Accéder au contenu.
Menu Sympa

starpu-devel - [Starpu-devel] starpu v1.1.0 released

Objet : Developers list for StarPU

Archives de la liste

[Starpu-devel] starpu v1.1.0 released


Chronologique Discussions 
  • From: Nathalie Furmento <nathalie.furmento@labri.fr>
  • To: starpu-announce@lists.gforge.inria.fr
  • Cc: starpu-devel@lists.gforge.inria.fr
  • Subject: [Starpu-devel] starpu v1.1.0 released
  • Date: Wed, 18 Dec 2013 13:33:42 +0100
  • List-archive: <http://lists.gforge.inria.fr/pipermail/starpu-devel>
  • List-id: "Developers list.
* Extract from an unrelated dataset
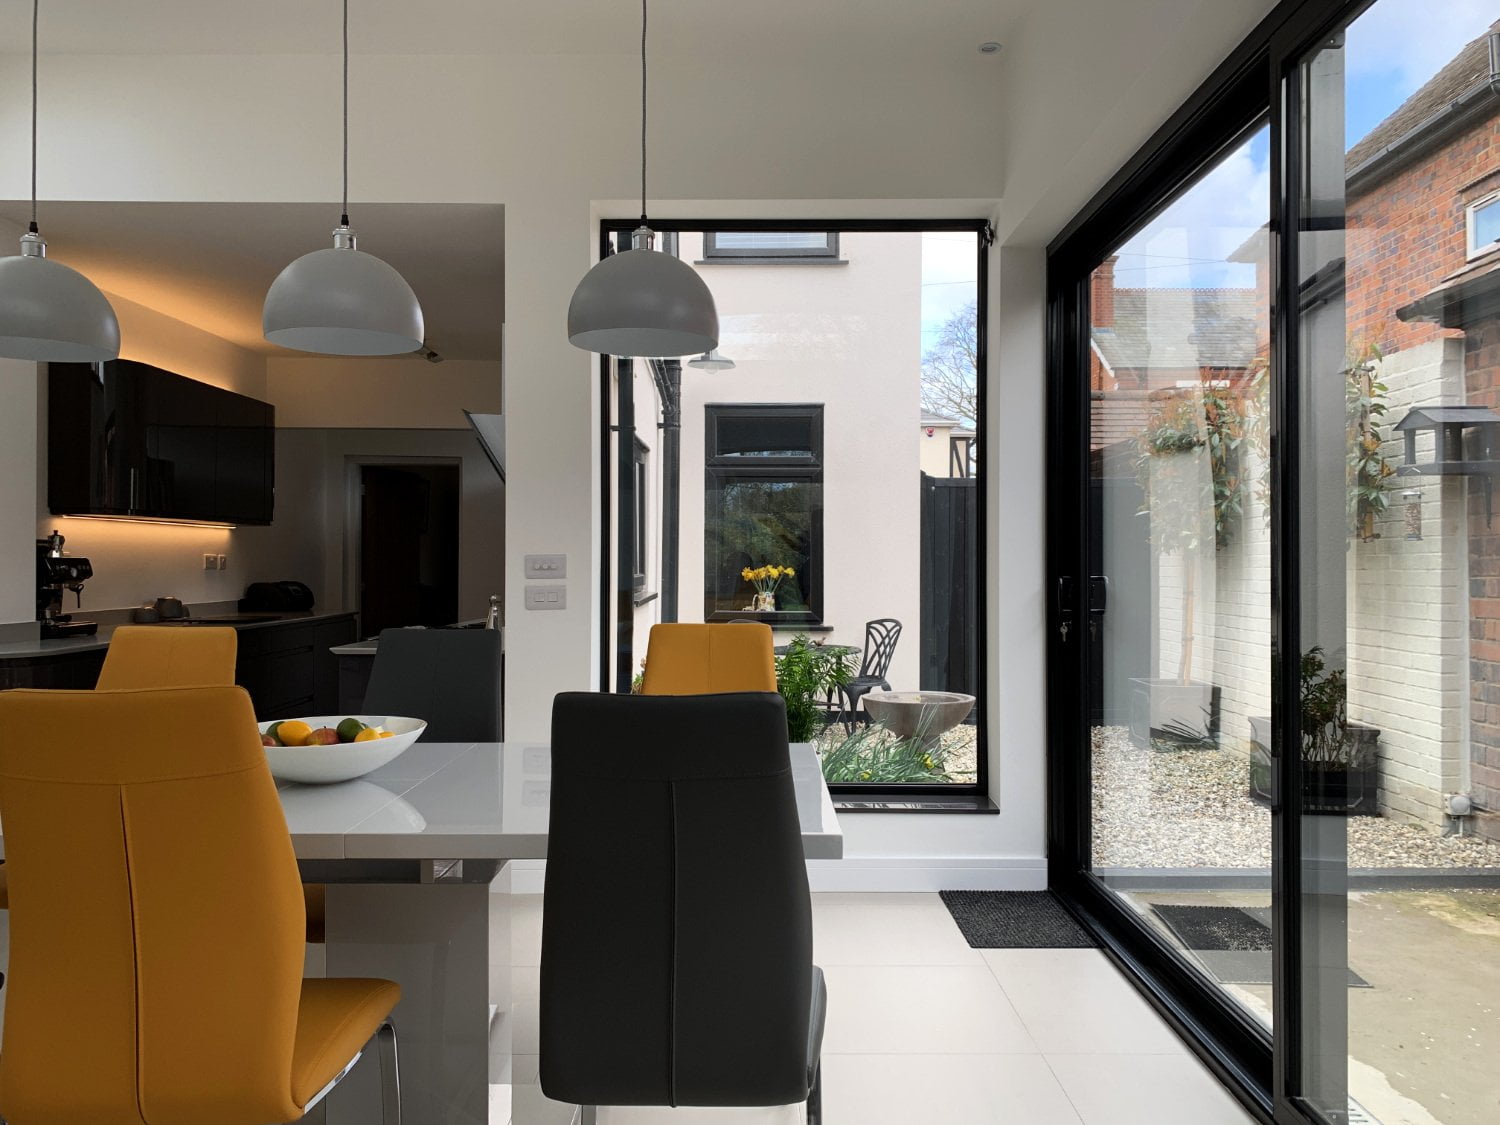 Modernist Rear Extension to Victorian Terrace in Stourbridge, West Midlands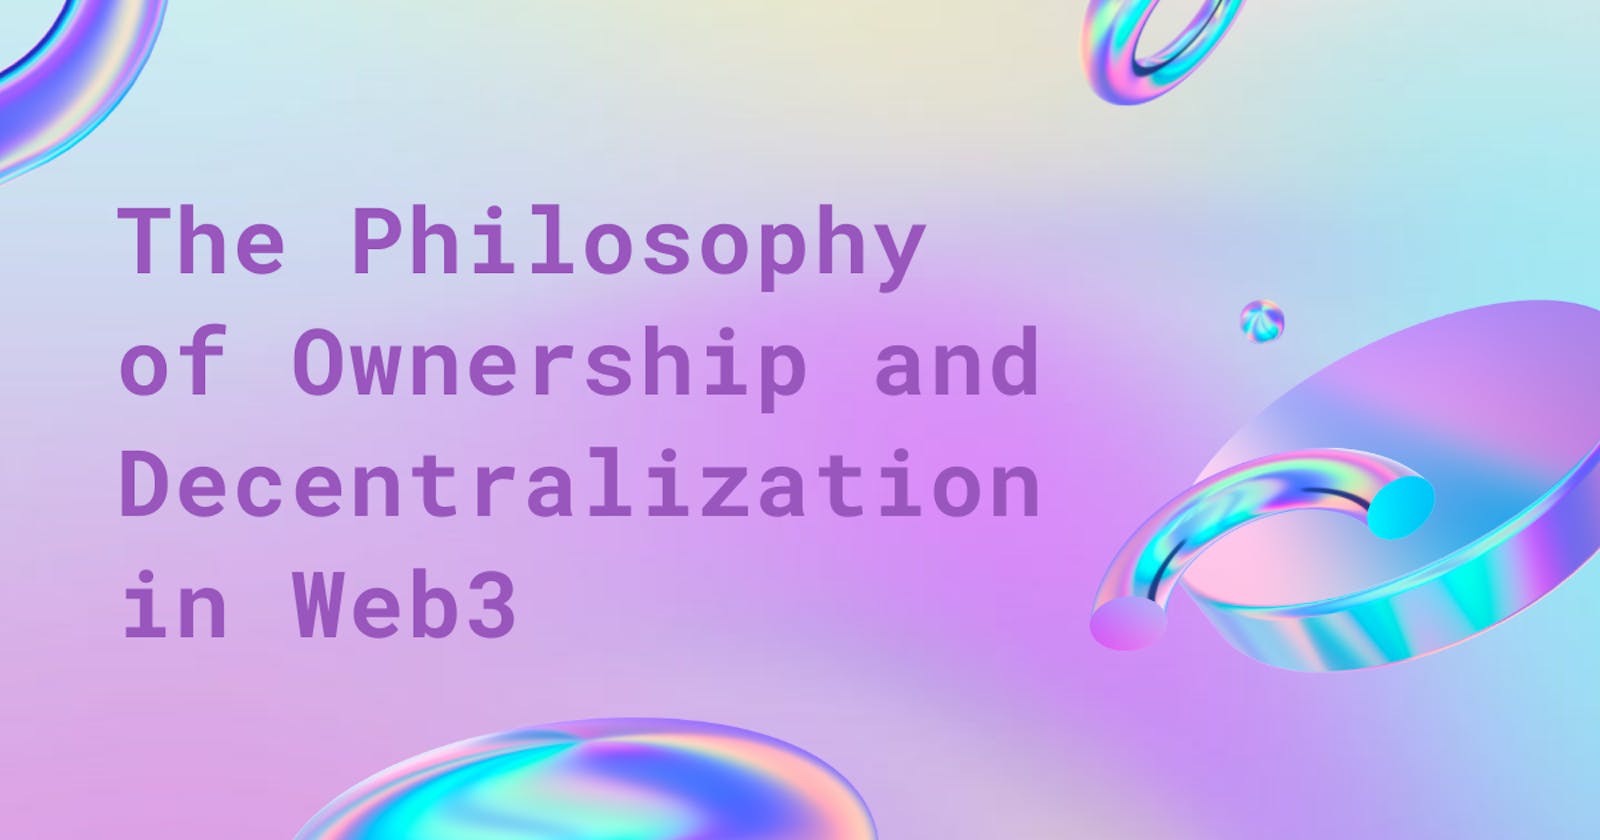 The Philosophy of Ownership and Decentralization in Web3

For discussion of new features, code changes, etc." <starpu-devel.lists.gforge.inria.fr>

All,

The StarPU team is pleased to announce the release of v1.1.0, the scheduling
context release.

https://gforge.inria.fr/frs/?group_id=1570

This release notably brings the concept of scheduling contexts which allows
to separate computation resources.

If you have not tested the different rcs, the public API has been modified
compared to the 1.0.x releases. The script tools/dev/rename.sh is provided to
update your existing applications to use the new names. It is also possible
to compile with the pkg-config package starpu-1.0 to keep using the old
names. It is however recommended to update your code and to use the package
starpu-1.1.

Please test and let us know if you find any issue.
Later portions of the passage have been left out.